WHAT TO PRODUCE: From the line that contains "Free Crochet Apple Pattern - Grace and Yarn" down to the last line of the listing below, reproduce each line exactly but not the pictures.
Top of DATA EXCERPT
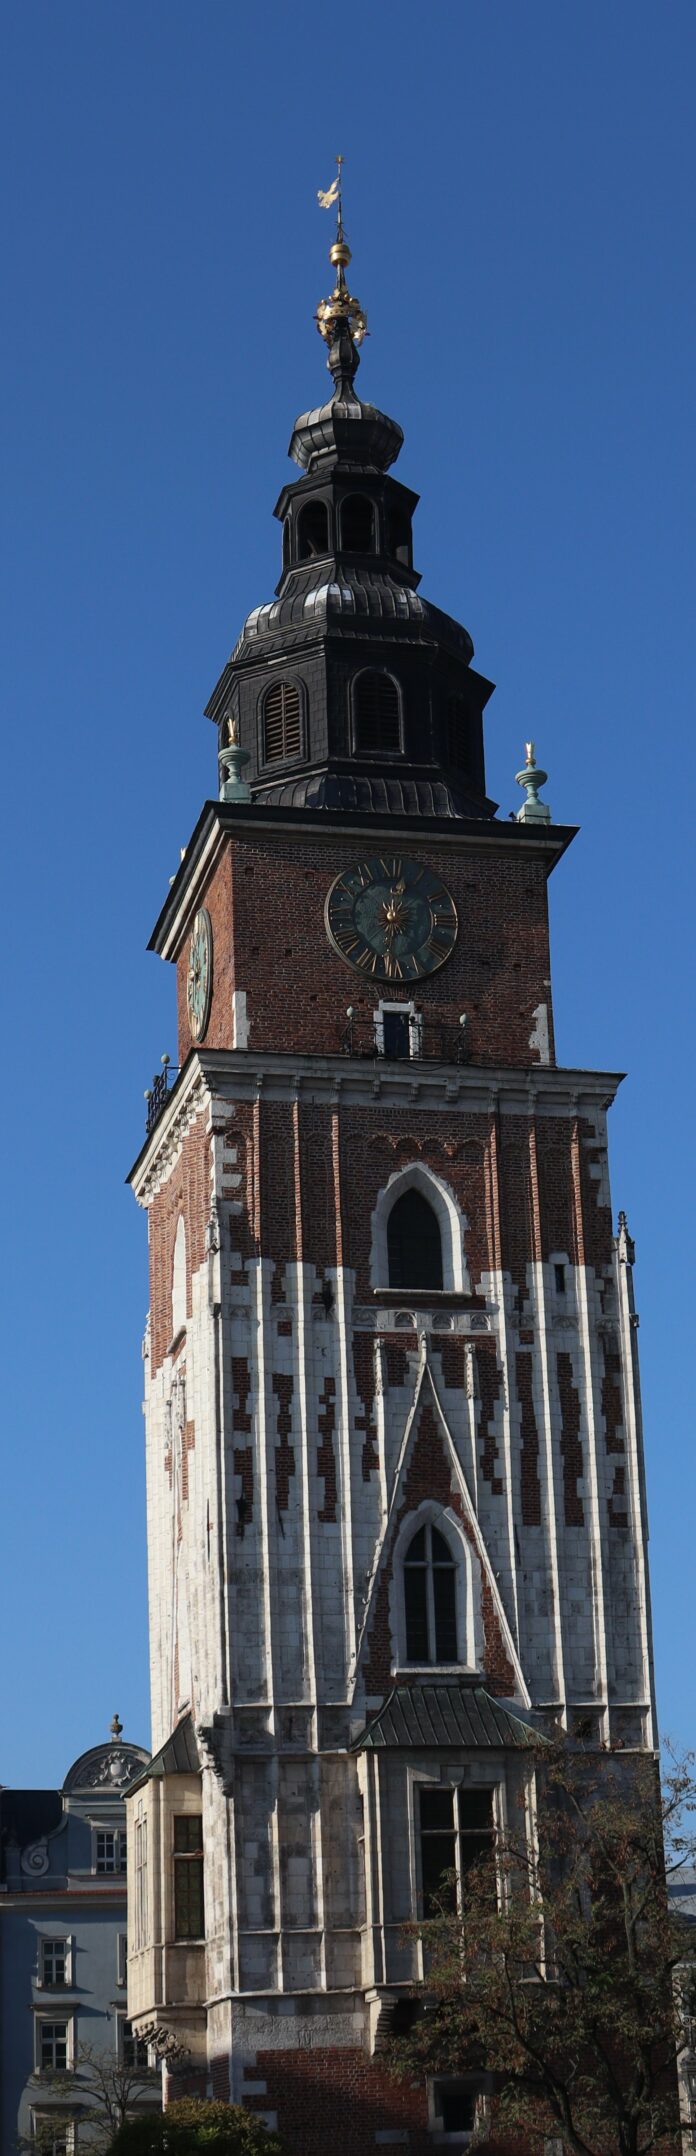 Zdjęcie więzy Ratuszowej w Krakówe
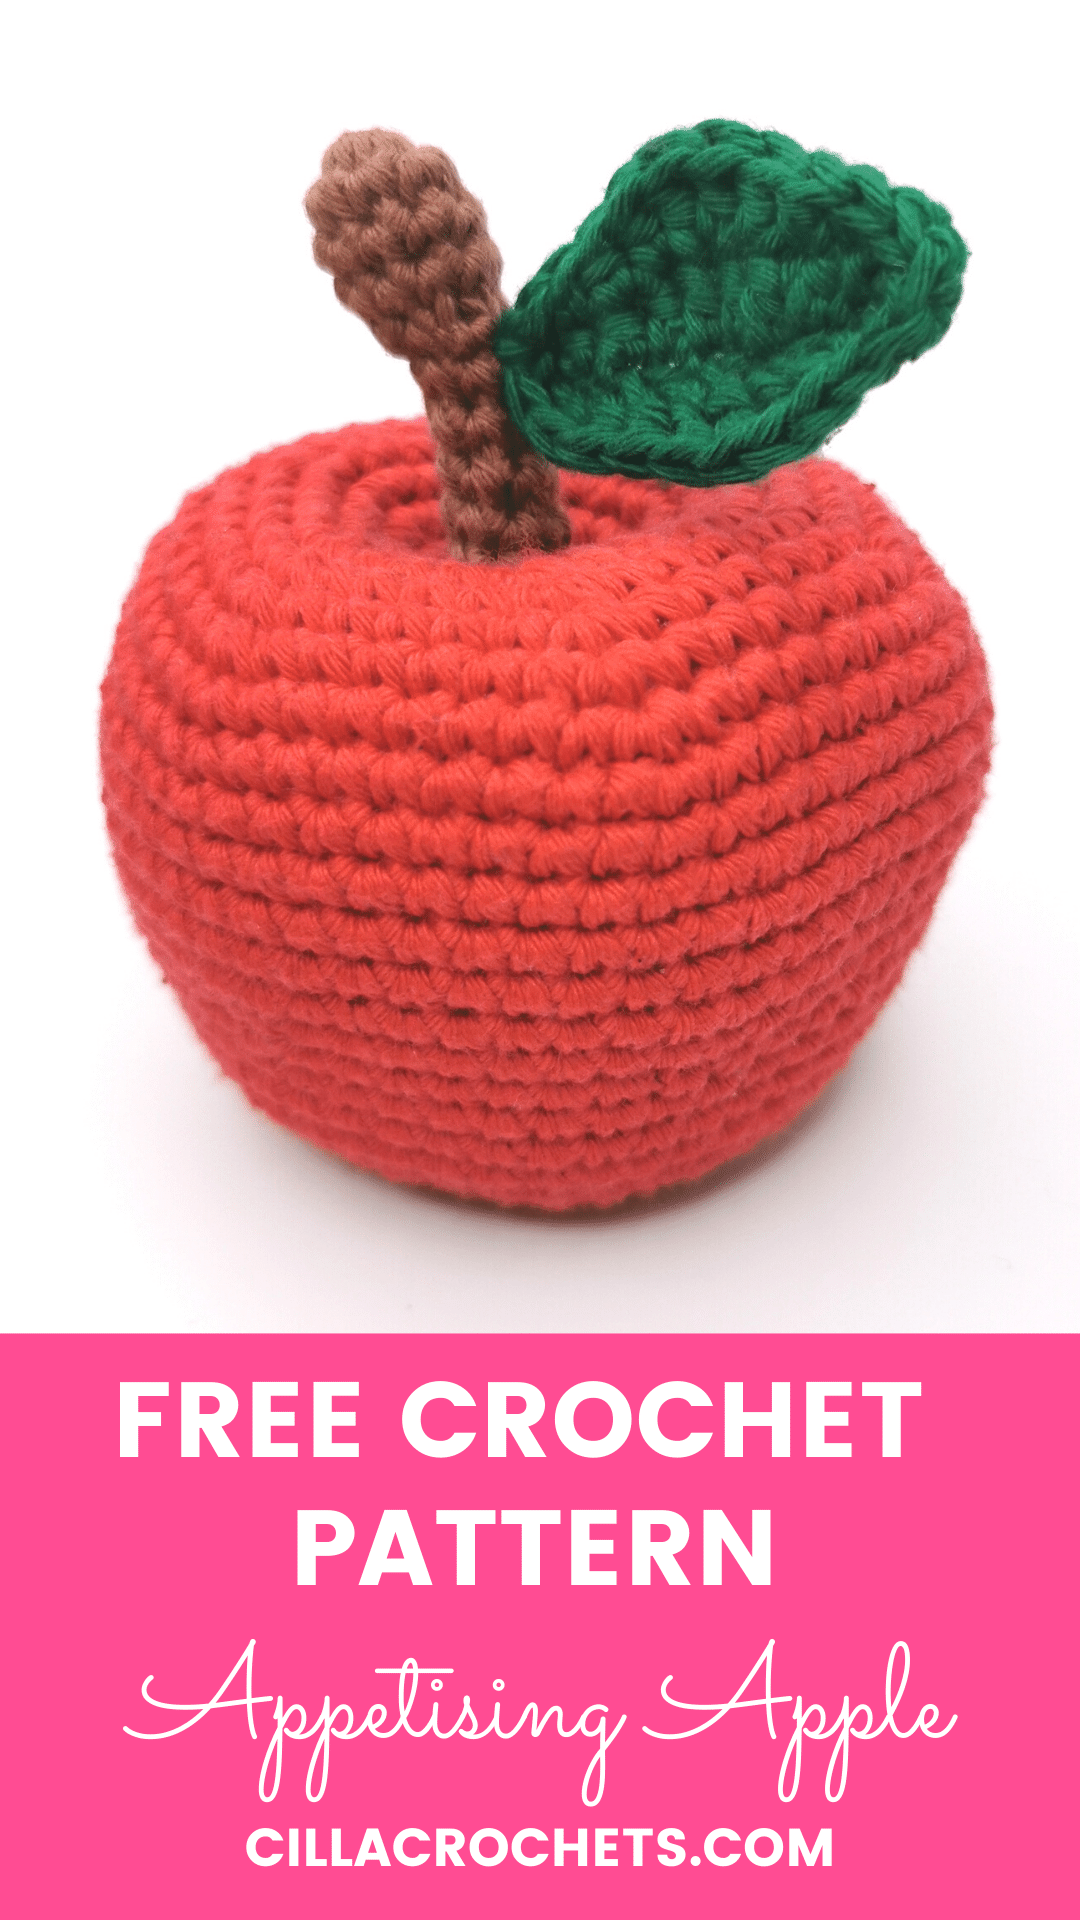 Free Crochet Apple Pattern - Grace and Yarn
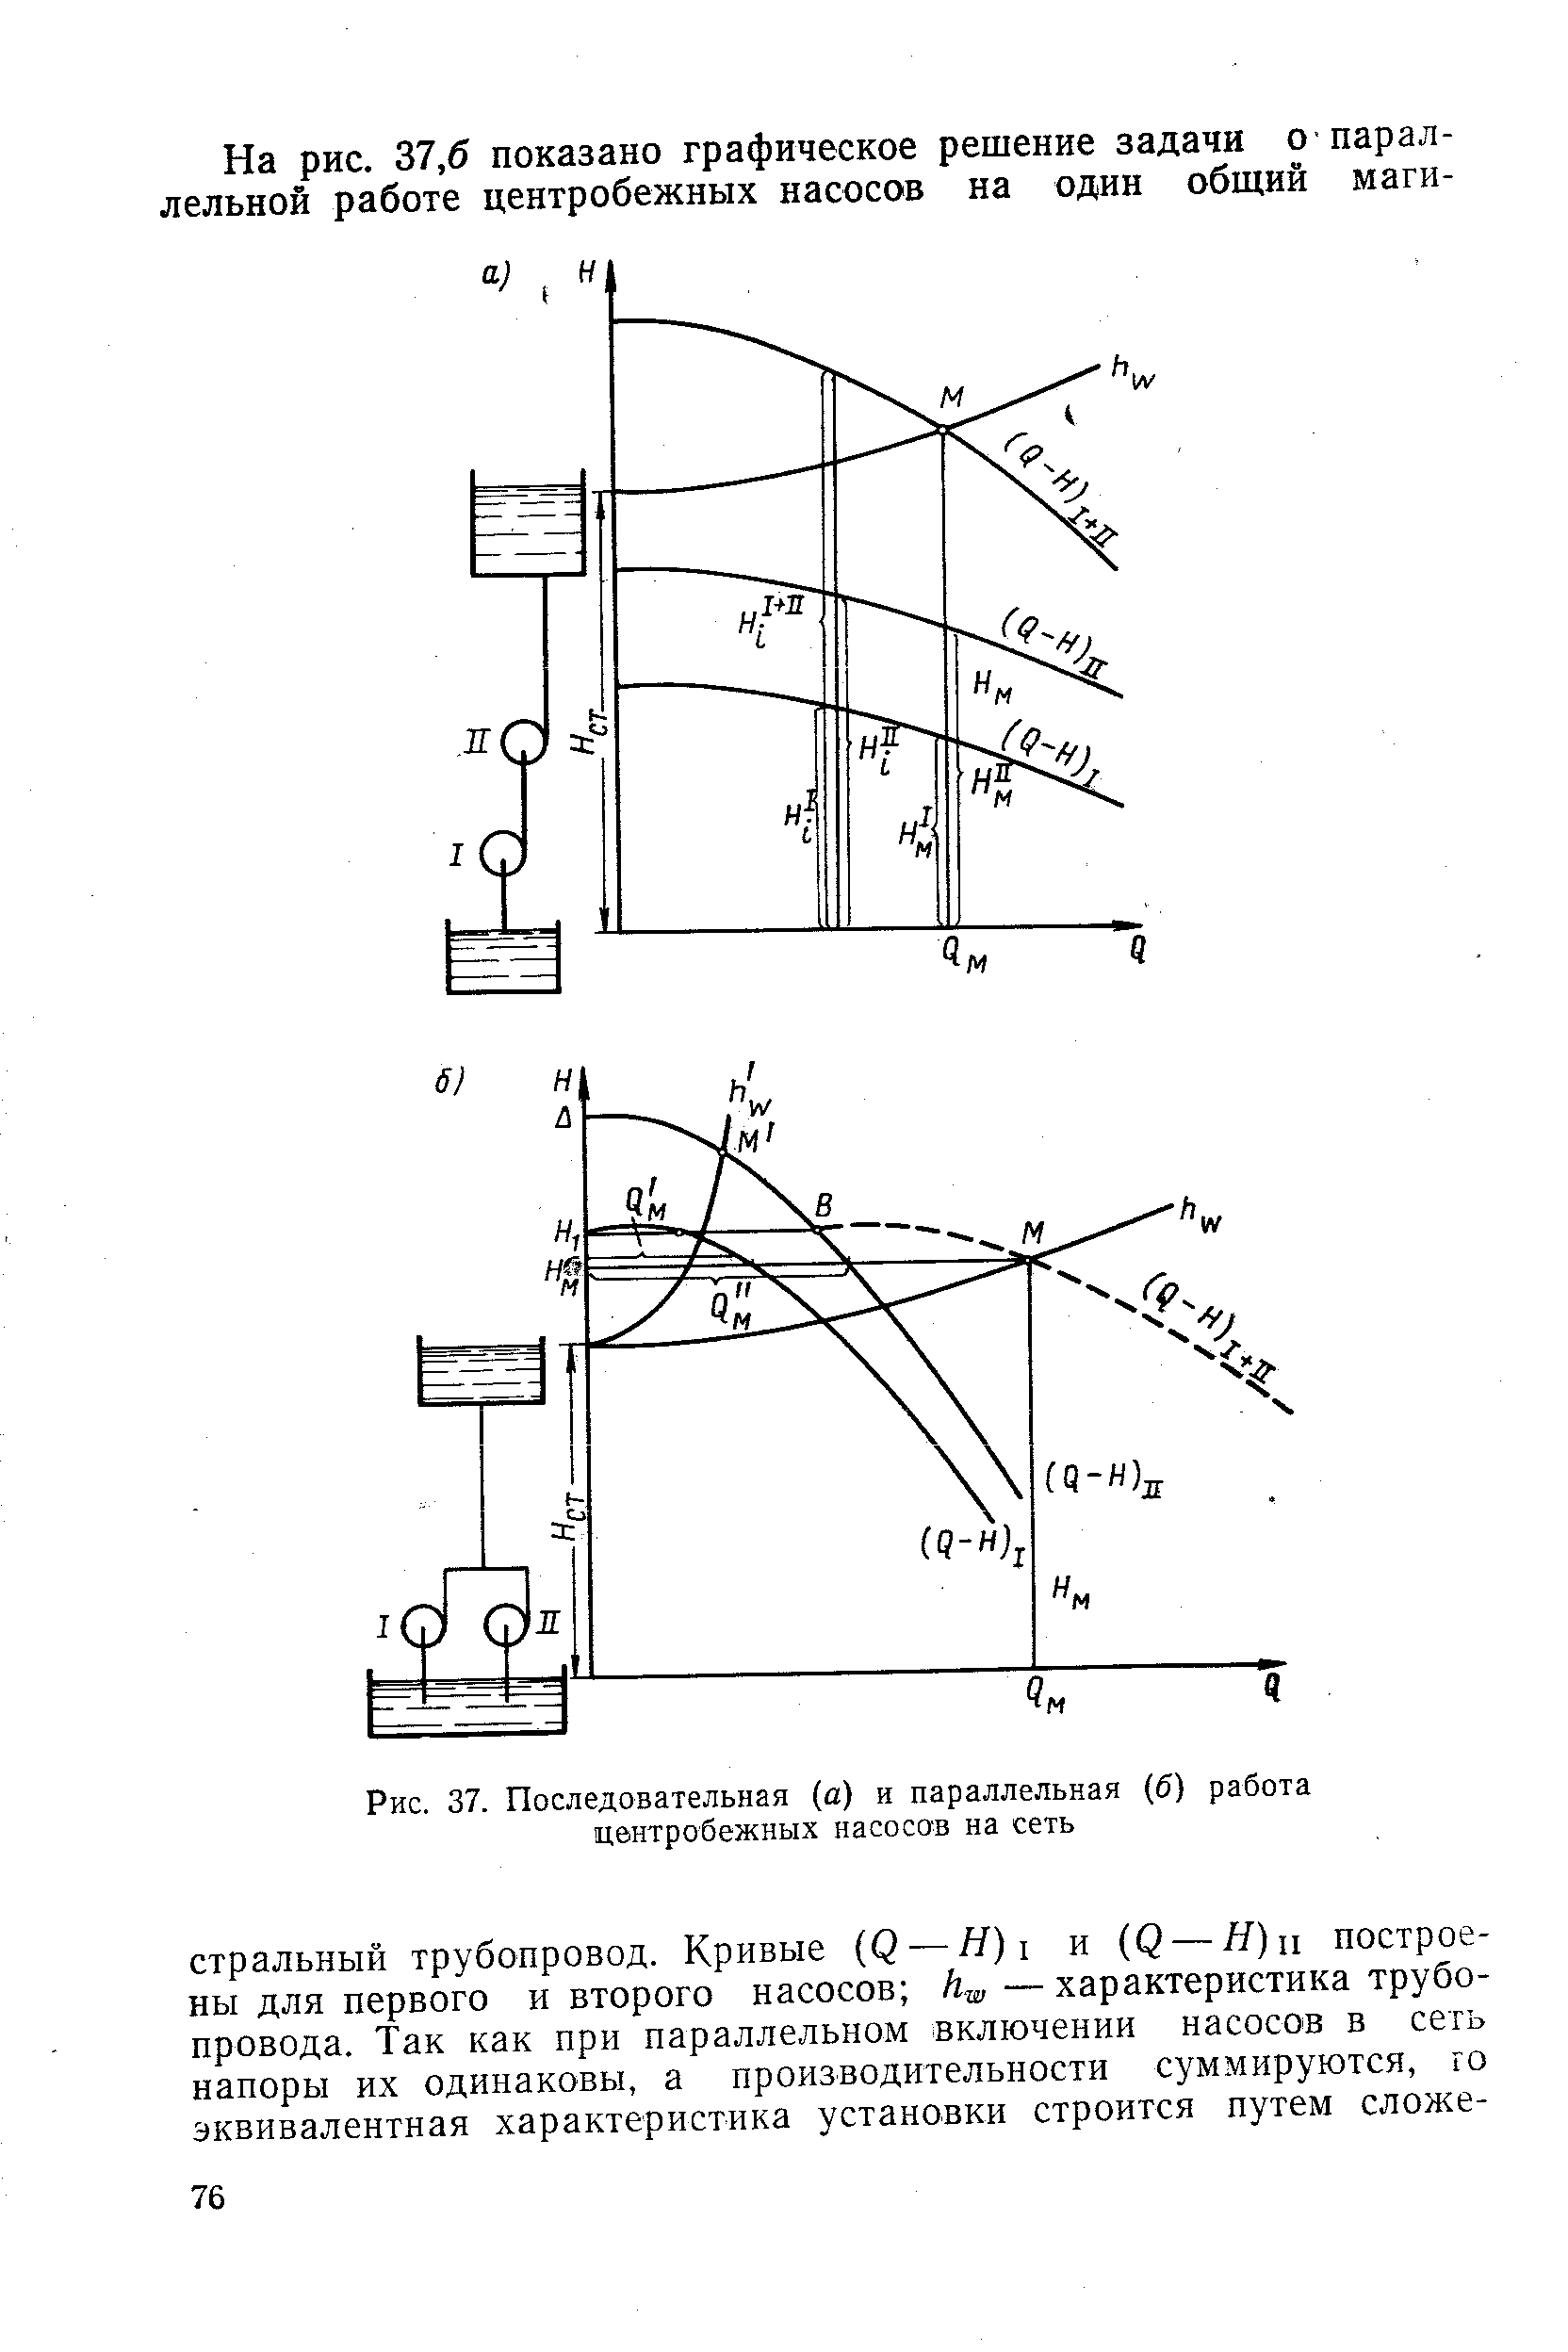 Рис. 37. Последовательная (а) и параллельная (б) работа <a href="/info/27481">центробежных насосов</a> на сеть
Bottom of DATA EXCERPT
OUTPUT FOR THIS EXERCISE:
 Free Crochet Apple Pattern - Grace and Yarn
 Рис. 37. Последовательная (а) и параллельная (б) работа <a href="/info/27481">центробежных насосов</a> на сеть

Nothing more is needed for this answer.